Let $U\subseteq\mathbb{C}\setminus\left\{0\right\}$ be an open set and suppose that there is a path $\gamma$ in $U$ such that $\mbox{Ind}_{\gamma}(0)=1$. Show that there is no nth roots in $U$. $(n\geq 2)$
Remark: When we say that there is no nth root in $U$, it means that the function $f(z)=z$ does not have $n$th root $U$, ie, does not exists $g:U\rightarrow \mathbb{C}$ holomorphic such that $f(z)=(g(z))^n$ for all $z\in U$.
Let $U\subseteq\mathbb{C}\setminus\left\{0\right\}$ be an open set and $\gamma: [0, 1] \to U$ be a closed path in $U$ such that $\mbox{Ind}_{\gamma}(0)=1$.

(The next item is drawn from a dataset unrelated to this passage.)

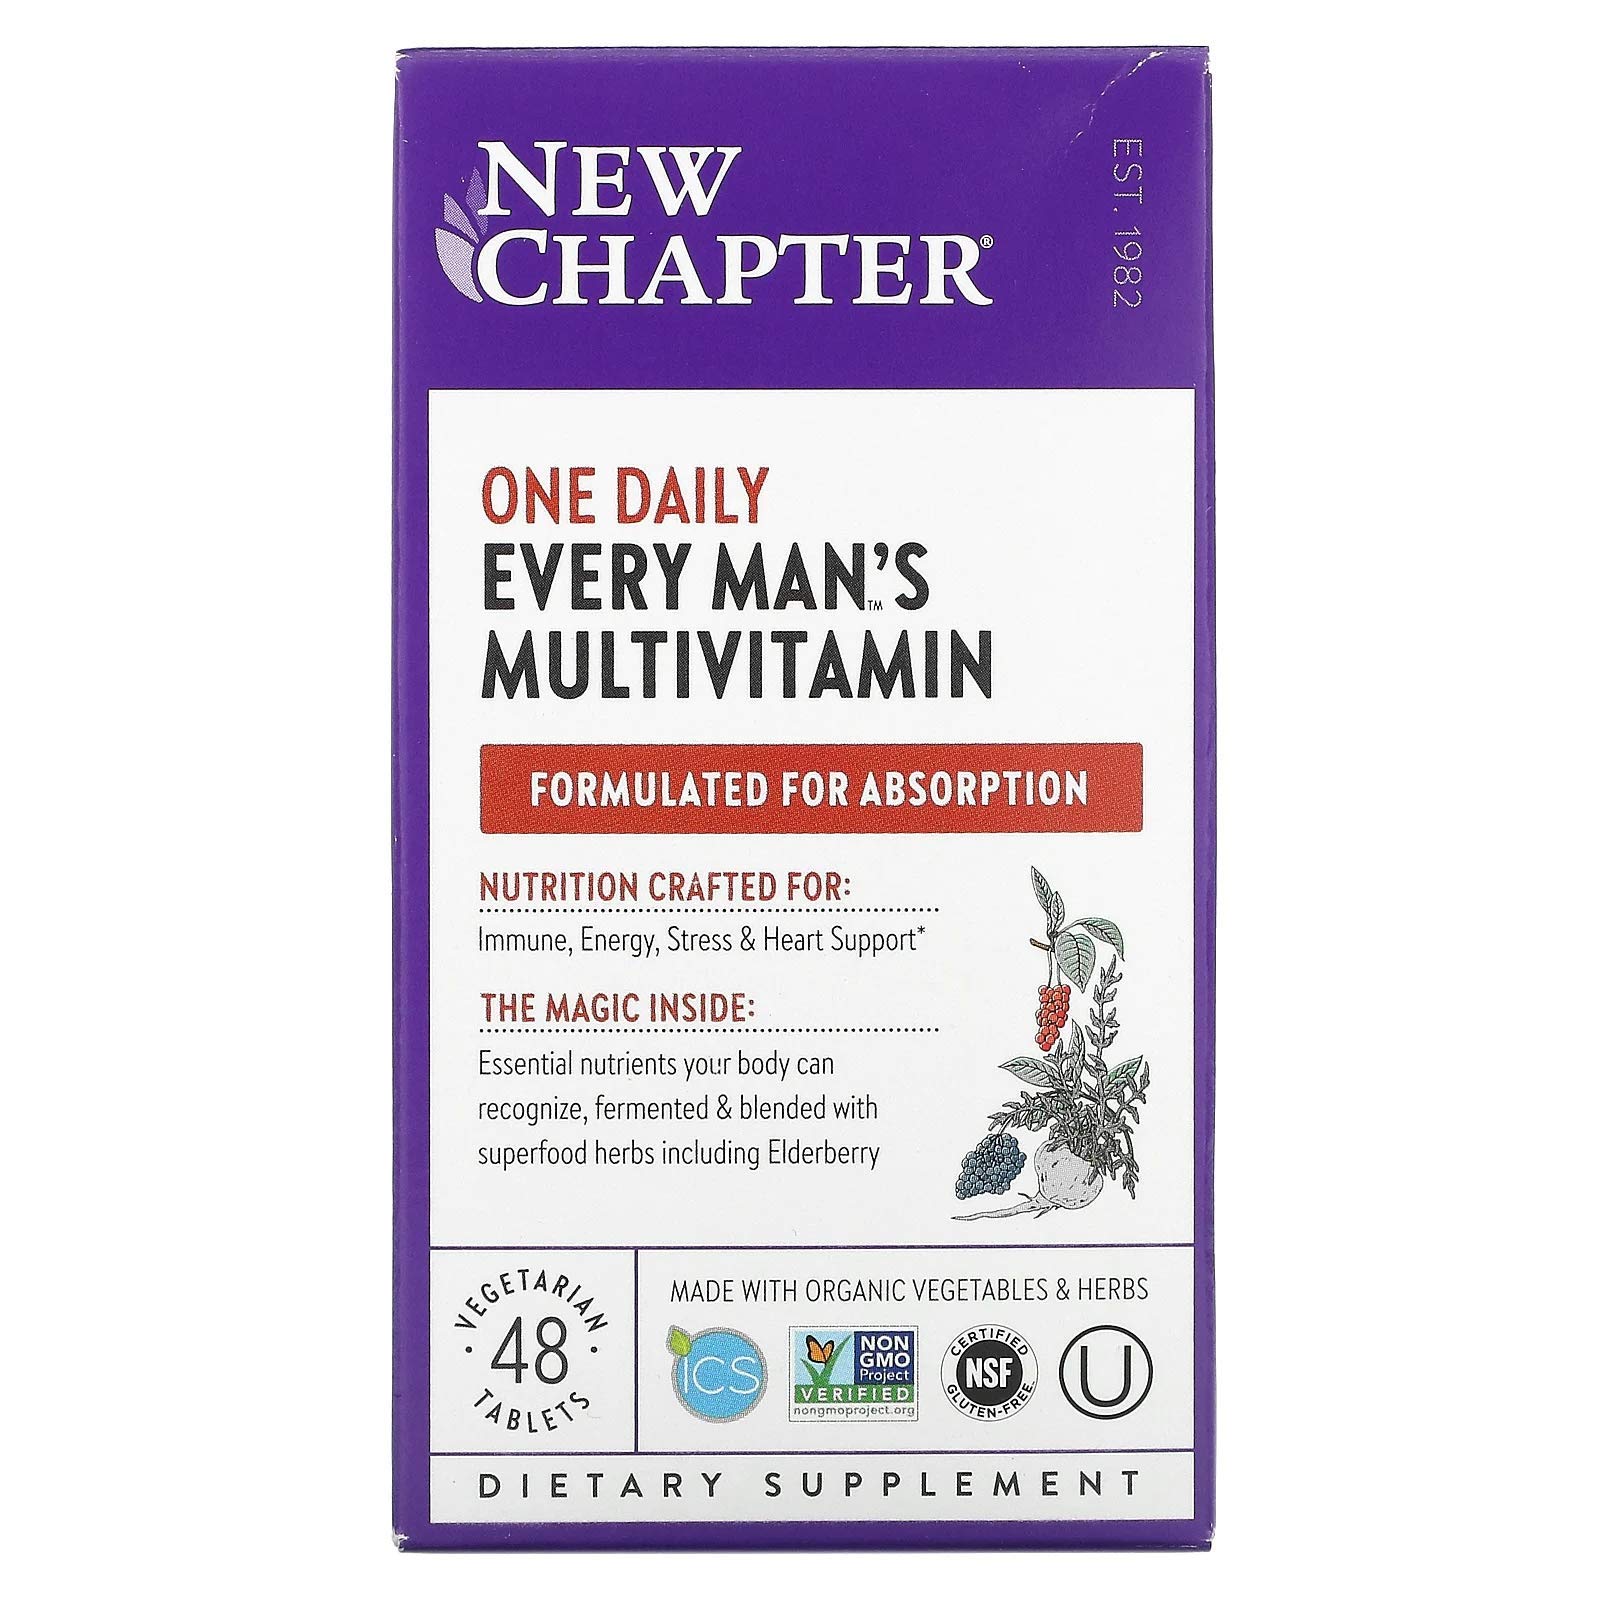 New Chapter Every Man's One Daily Multivitamin, Whole Food multivitamin for Men 2 x 48 Pack

Assume that $g:U\rightarrow \mathbb{C}$ is holomorphic in $U$ and satisfies $g(z)^n = z$ for all $z \in U$, and therefore $$ n \frac{g'(z)}{g(z)} = \frac 1z \, . $$
Then $\Gamma := g \circ \gamma$ is a closed path in $U$ and $$ \mbox{Ind}_{\Gamma}(0) = \frac{1}{2 \pi i} \int_\Gamma \frac{dw}{w} = \frac{1}{2 \pi i} \int_0^1 \frac {g'(\gamma(z)) \, \gamma'(t)}{g(\gamma(t))} \, dt = \\ \frac{1}{2 \pi i} \int_0^1 \frac{\gamma'(t)}{n \, \gamma(t)} \, dt = \frac{1}{n} \frac{1}{2 \pi i} \int_\gamma \frac{dz}{z} = \frac{1}{n} \mbox{Ind}_{\gamma}(0) = \frac{1}{n} $$ which contradicts the fact that the winding number $\mbox{Ind}_{\Gamma}(0)$ is an integer.